The inputter is the data pipeline. This example defines the data pipeline of feeding CIFAR10 data with some basic augmentations:

# Create basic inputter configration
inputter_config = InputterConfig(
  mode="train",
  batch_size_per_gpu=64,
  gpu_count=1,
  epochs=4,
  dataset_meta="~/demo/data/cifar10/train.csv \")

# Add additional configuration for image classification
inputter_config = ImageClassificationInputterConfig(
  inputter_config,
  image_height=32,
  image_width=32,
  image_depth=3,
  num_classes=10)

# (Optionally) Create a augmenter.
argmenter_name = "source.augmenter.cifar_augmenter"
augmenter = importlib.import_module(argmenter_name)

# Create a Inputter.
inputter_name = "source.inputter.image_classification_csv_inputter"
inputter = importlib.import_module(inputter_name).build(inputter_config, augmenter)
  • cifar_augmenter random image cropping, flipping, brightness and contrast distortions.
  • inputter_config sets arguments for the inputter. For example, whether it is used for training for evaluation, batch_size, the data path … etc.
  • inputter is the data pipeline instance. It has an important input_fn member function that produces a data generator.
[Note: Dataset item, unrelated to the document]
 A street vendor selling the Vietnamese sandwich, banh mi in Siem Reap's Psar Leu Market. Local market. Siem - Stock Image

The input_fn of an image classification inputter looks like this:

def input_fn(self, test_samples=[]):

  # Get list of image paths and class labels
  samples = self.get_samples_fn()

  # Generate a Tensorflow dataset
  dataset = tf.data.Dataset.from_tensor_slices(samples)
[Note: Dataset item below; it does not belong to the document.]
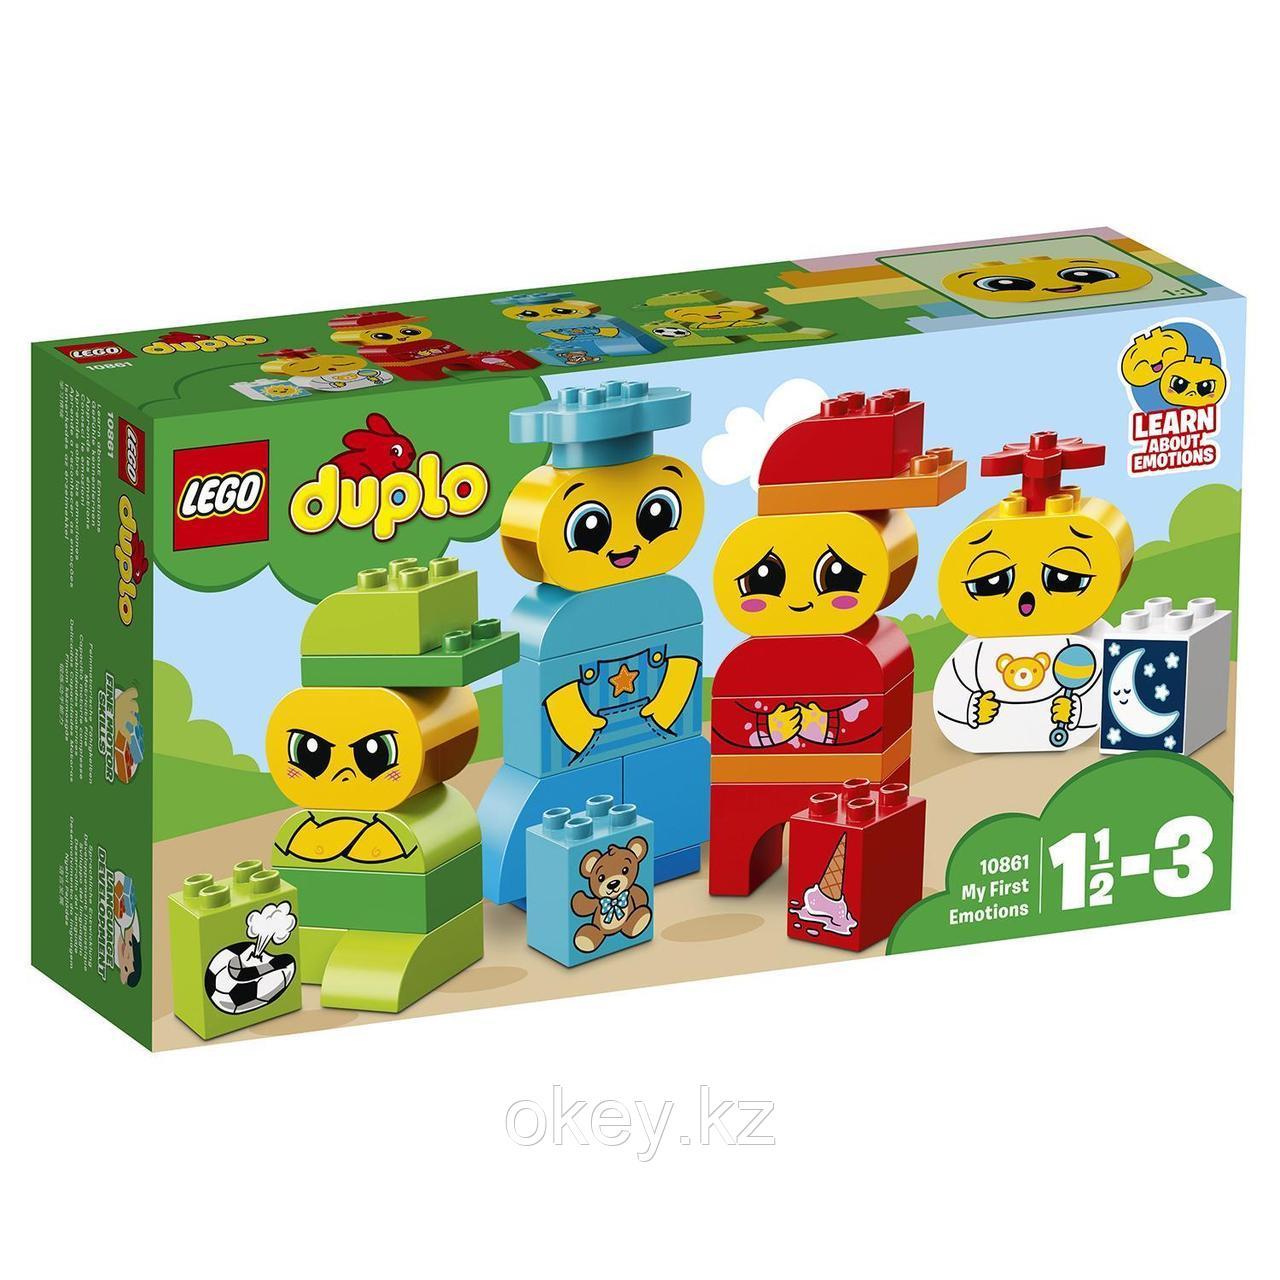 LEGO Duplo: Мои первые эмоции 10861

  # Shuffle the dataset for training
  if self.config.mode == "train":
    dataset = dataset.shuffle(self.config.shuffle_buffer_size)

  # Repeat the dataset for multiple epochs
  dataset = dataset.repeat(self.config.epochs)

  # Parse individal input sample, including reading image from path,
  # data augmentation
  dataset = dataset.map(
    lambda image, label: self.parse_fn(image, label),
    num_parallel_calls=4)

  # Batch data
  batch_size = (self.config.batch_size_per_gpu *
                self.config.gpu_count)
  dataset = dataset.apply(
      tf.contrib.data.batch_and_drop_remainder(batch_size))

  # Prefetch for efficiency
  dataset = dataset.prefetch(2)

  # Return data generator
  iterator = dataset.make_one_shot_iterator()
  return iterator.get_next()